Applications of nearest neighbor search: Centralized application

Let’s set architectural questions aside for the moment, assume we handle in-house (within the same virtual machine running our web application) all orders for retailers, and focus on the first round of questions. At some point, we asked how we should choose which shop or combination of shops is best in order to serve a customer. Nei­ther k-d trees, nor SS-trees, nor any other data structure can (or should) answer this question. This is a business-related decision that changes from company to company, and perhaps over time or with other variables within the same company.

What we can do, though, is provide our containers with a way to filter points in a NN search by some conditions that we can pass into our code, thus allowing whoever uses the container to reason about the business rules, customize them, and pass them as arguments to the search method.

1. Filtering points

By creating hooks through which clients can customize business logic, we provide a template method that can be effectively customized depending on the business needs.

Listing 11.4 shows the code for k-d tree’s nearest neighbor search, modified to allow filtering of points.

As you can see, we pass an extra argument (with respect to the regular method in listing 9.9), a predicate that is evaluated on the current node before accepting this point as a nearest neighbor.

The only difference with the basic version, besides boilerplate to pass around this new argument, is at line #5, where the predicate is actually evaluated on the current node.

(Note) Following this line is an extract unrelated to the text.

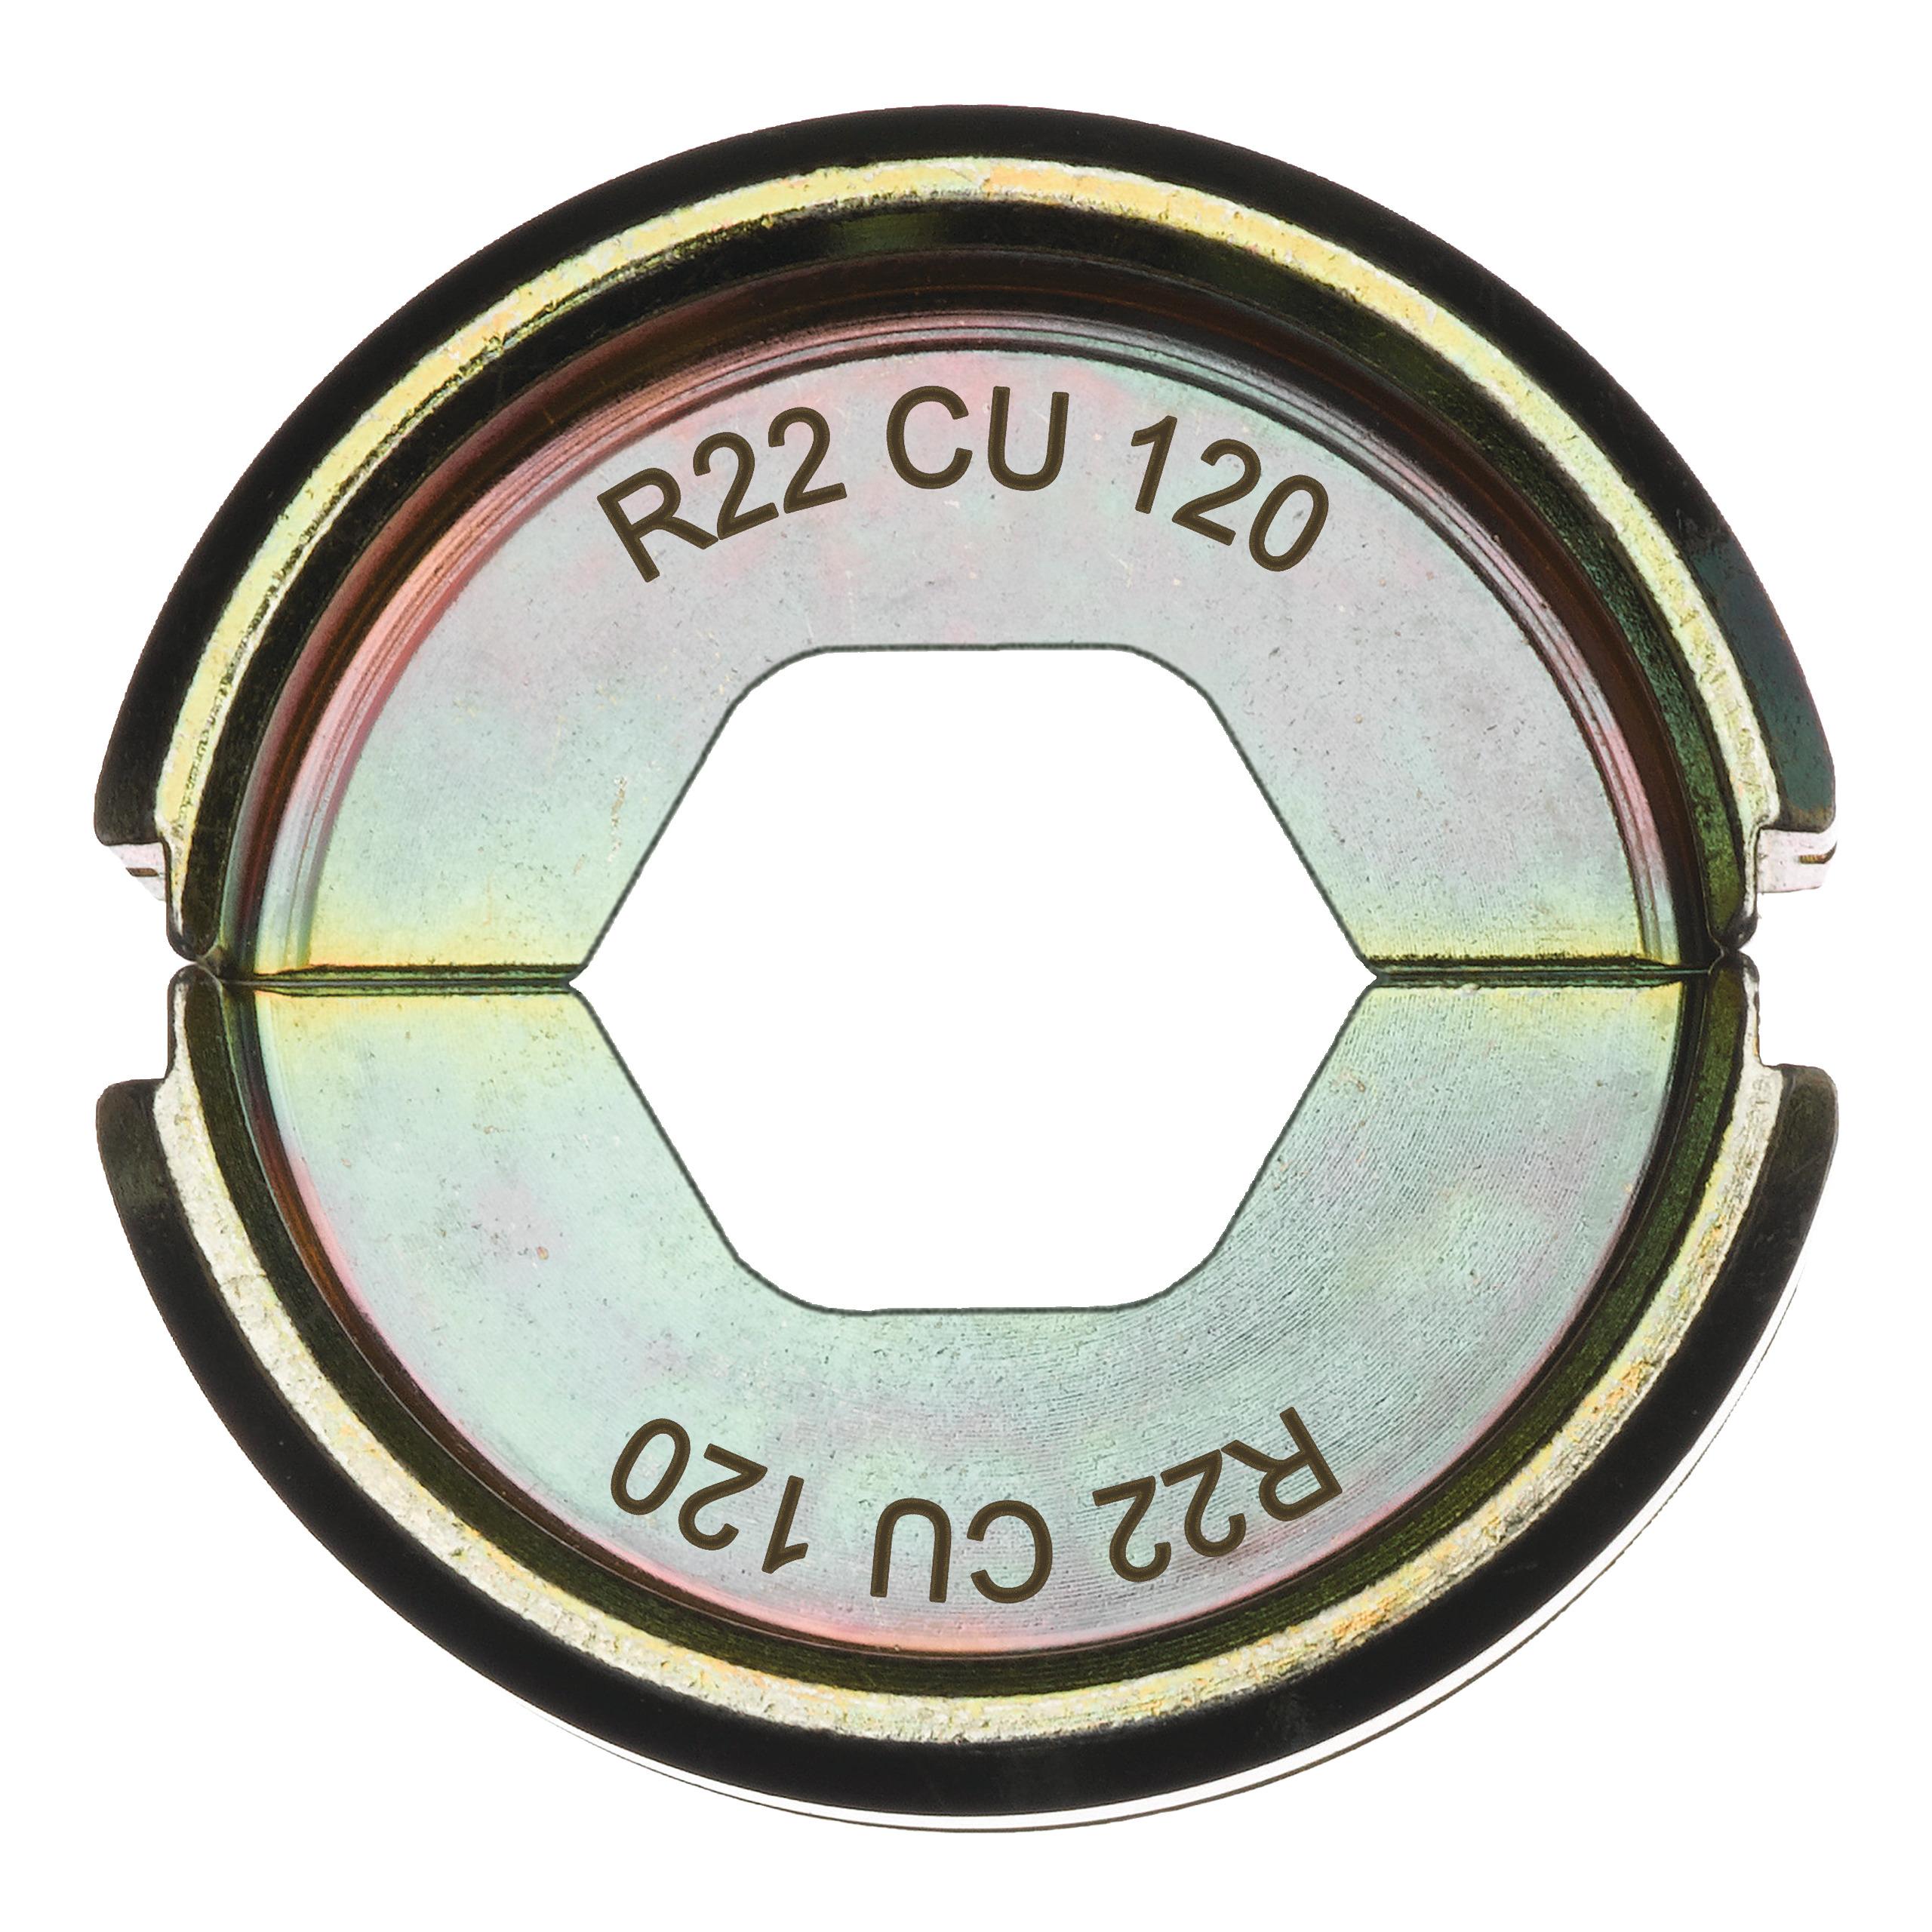 Krimpovací čelisti  R22 Cu 120

This version of the method allows us to filter single points and solve the first of the issues mentioned in the previous section, making sure that we choose a shop that actu­ally has the item(s) a customer ordered.

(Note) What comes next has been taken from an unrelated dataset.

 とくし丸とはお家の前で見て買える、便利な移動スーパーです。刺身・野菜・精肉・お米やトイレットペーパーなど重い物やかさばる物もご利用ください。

Listing 11.4 The filteredNearestNeighbor method

For instance, we could redefine nodes as shown in listing 11.3, and pass to fNN the predicate hasItemX() defined in listing 11.5. We can also define a more generic ver­sion, hasItem(), that takes two arguments, an item and a shop, and uses currying to create a unary predicate checking a single fixed item in the shop, and pass it as shown in listing 11.6.

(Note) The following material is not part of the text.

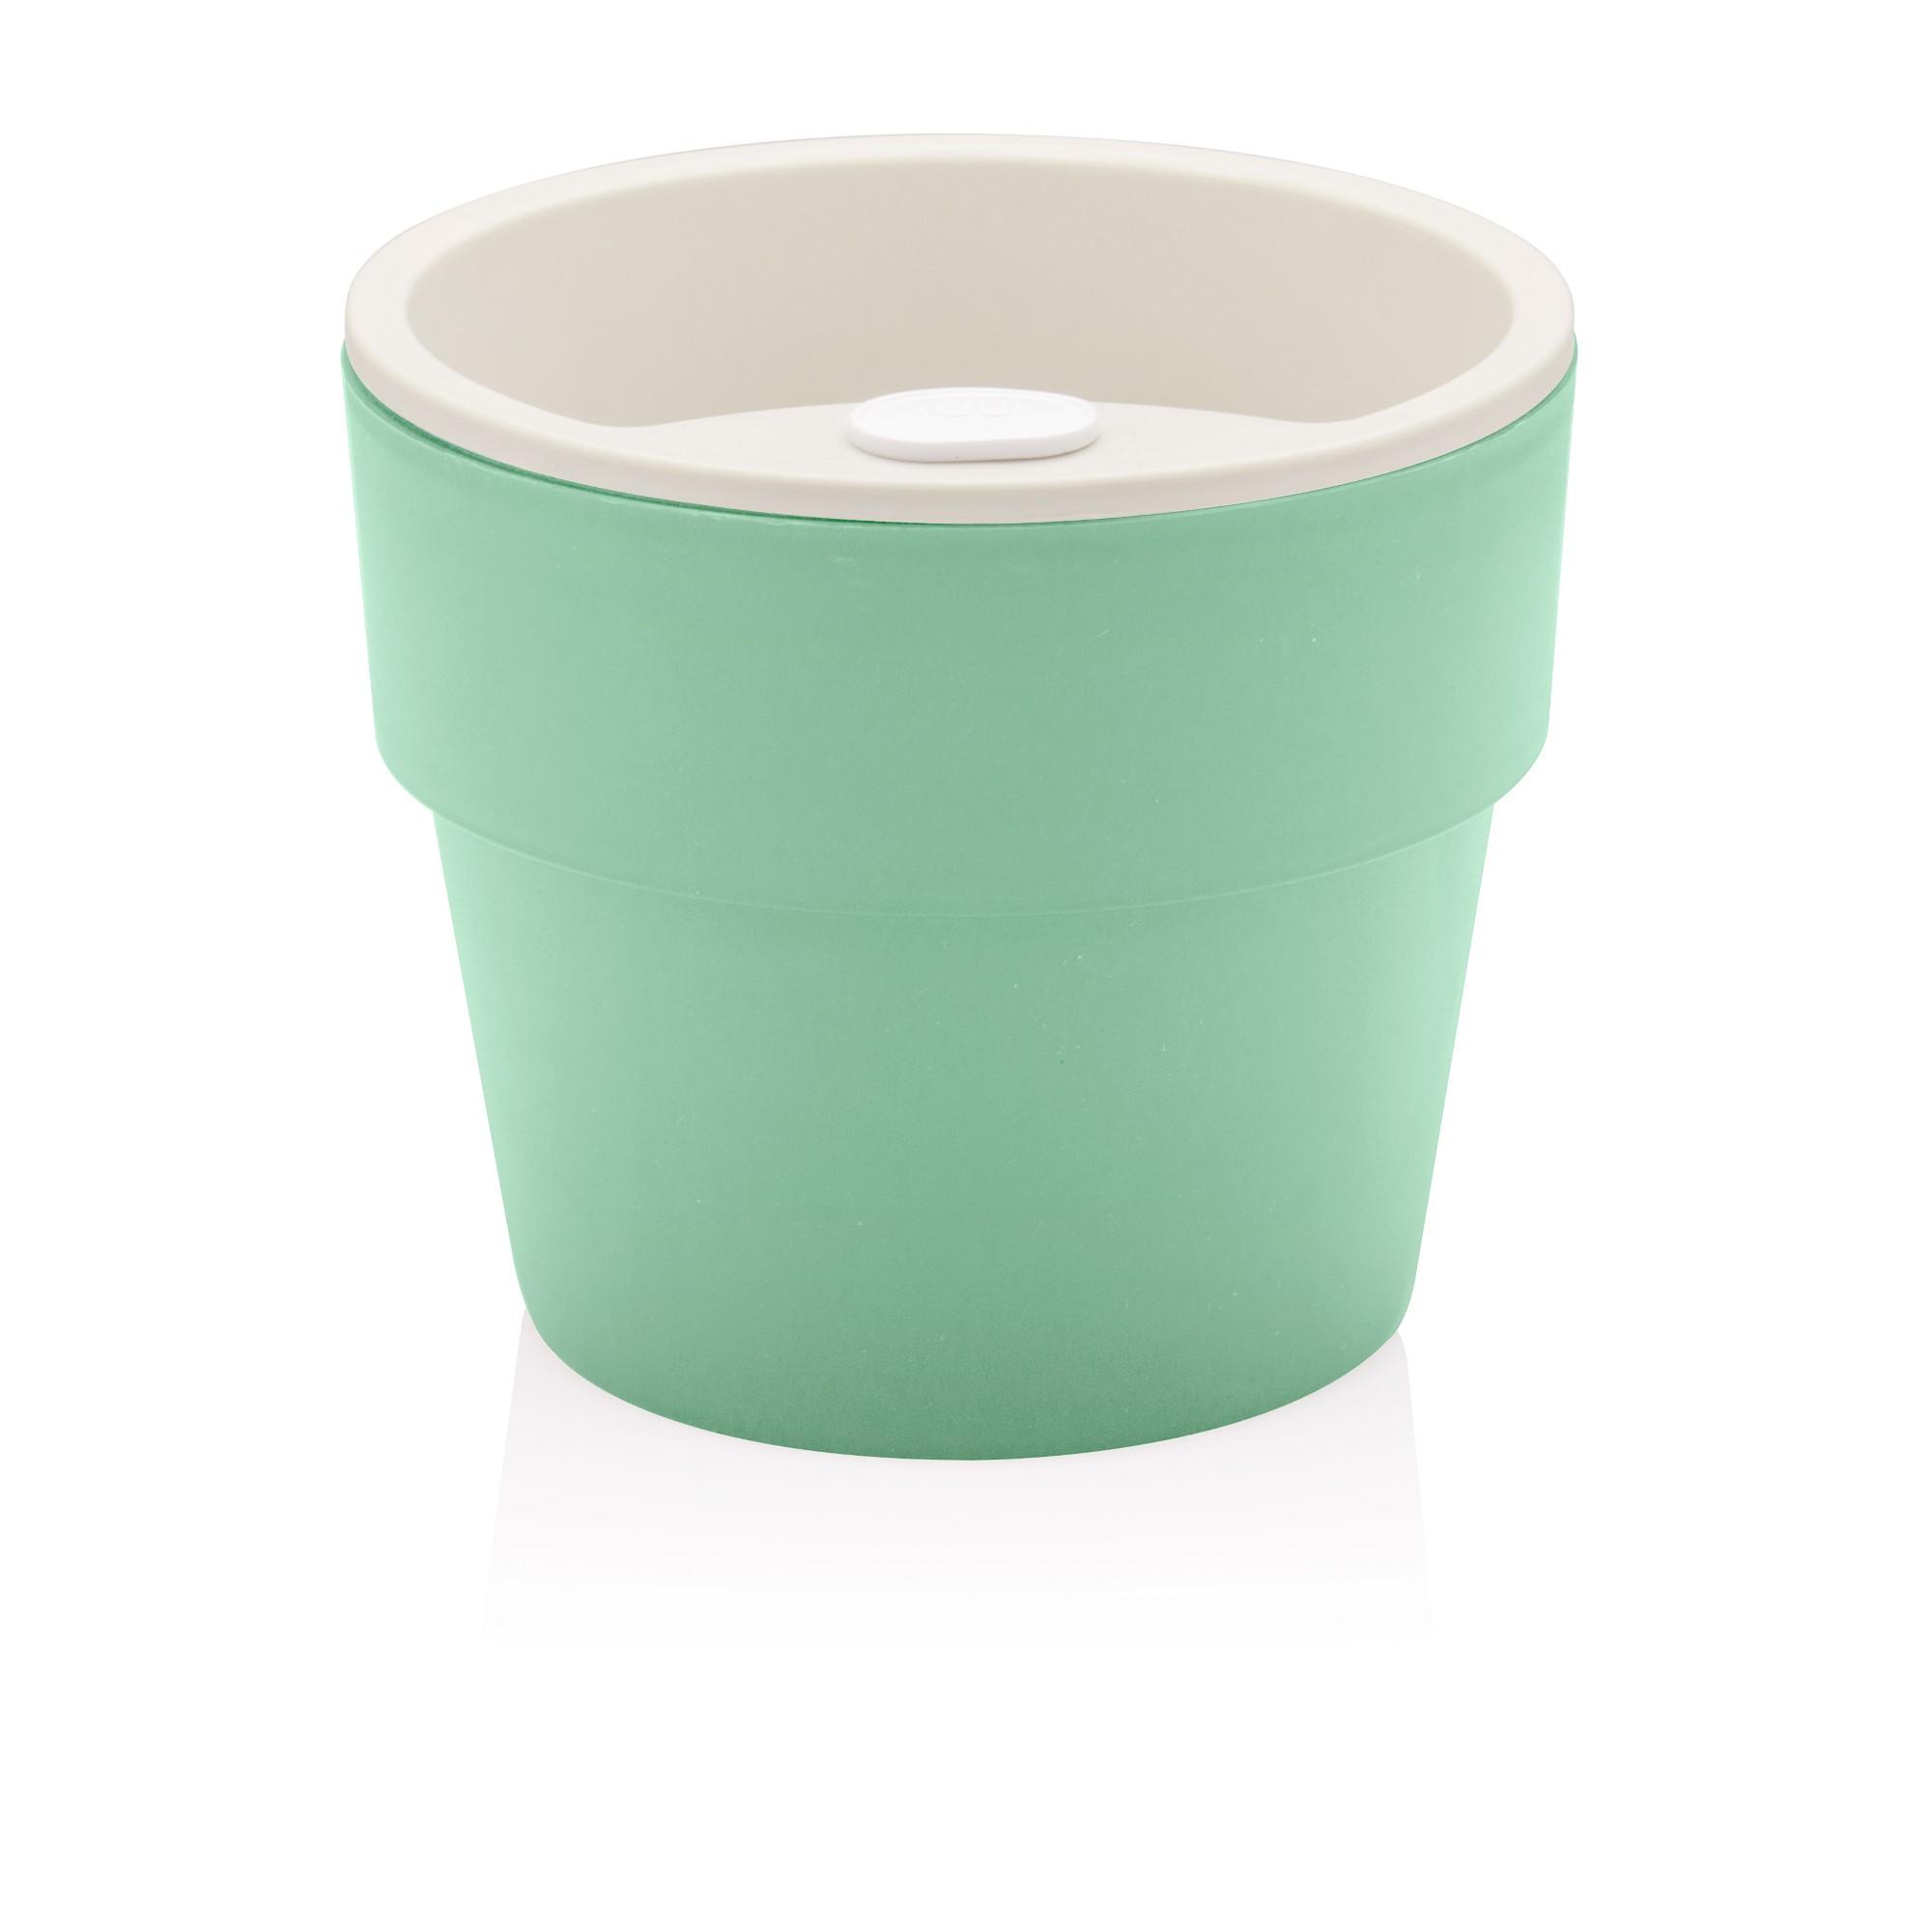 Vaso para Plantas Autoirrigavel G 15x165 cm 600 ml Polipropileno Verde Menta - Ou

To find the nearest shop that can ship Pinot noir, we can call our fNN method with something like

fNN(treeRoot, customerPosition, has!tem(“Pinot noir”))

Unfortunately, while this filtering mechanism allows us to filter out retailers that don’t have the items we need, it isn’t powerful enough to let us decide that it is best to choose a closer retailer with higher shipment costs over a cheaper one that is twice as far away, and in general it can’t deal with complex conditions comparing different solutions.

2. Complex decisions

If what we really need is not just filtering shops according to some criteria, but also choosing the best options among them, then we have to seek a more powerful mechanism.

We have two main choices:

  • Use n-nearest neighbor to retrieve a list of n shops that satisfy our criteria, and then process this list to decide which one, among the possible solutions, is the actual best choice.
  • Or we can replace the predicate passed to our nearest neighbor method, as shown in listing 11.7, which instead of a unary predicate is using a binary func­tion that takes as arguments the current node and the best solution found so far, and returns which one is the best.

And, of course, we can also use a combination of the two methods.

The first solution doesn’t ask for any change to our container, so we won’t need to develop it any further. You can use sorting, a priority queue, or any selector algorithm you like in order to decide which solution is the best, according to your business rules. This mechanism has an advantage: it also allows you to try solutions where you order different items at different shops and see if that works better than the best “all-at-one- place” solution.

When we pass a compare function to fNN, instead, this flexibility is not going to be pos­sible, and we will only examine solutions where all items are shipped by the same shop.

If that’s fine, because we have guarantees that we can always find such a shop (or we handle separately the case where we fail to find one), the “compare function” mechanism has the advantage of requiring less extra memory and being overall faster.

As mentioned, the idea is that we can encapsulate all the business logic in a binary function that will compare the node currently being traversed in nearest neighbor search with the best solution found at that point of the traversal. We also assume that this predicate will perform any necessary filtering, for example, making sure that the current node’s retailer has all items in stock. The changes needed to our search method are minimal, as shown in listing 11.7. We simply gather together two steps (fil­tering shops and comparing the current solution with the best one found so far), and instead ofjust checking distances during our NN search, we use a function passed as an argument to fNN, function cmpShops,7 to decide which entry is nearer.

So, now the heart of the business logic lies in this method, which in turn will decide which shops are filtered in and how we choose the our best option.

There are a couple of edge cases that we should always address in this function:

  • If the current node is filtered out, always choose the current NN.
  • If the best solution found so far is empty (that is, nn == null), then the current node should always be chosen, unless it is filtered out (at point 1).

Listing 11.8 provides a possible generic implementation of this comparison method, including filtering out shops that don’t have all items in stock, and checking distances by using an unspecified heuristic method to decide which shop is the best.

It’s worth clarifying once again that the choice of the heuristic is not connected to any of the data structures we have seen, and, vice versa, those algorithms don’t depend on this function. It’s just a heuristic method that encapsulates all the domain-specific logic, and so it changes from application to application. Depending on how you write it, and how you model the Shop class, you can customize the behavior of the search method to solve your instance of the problem.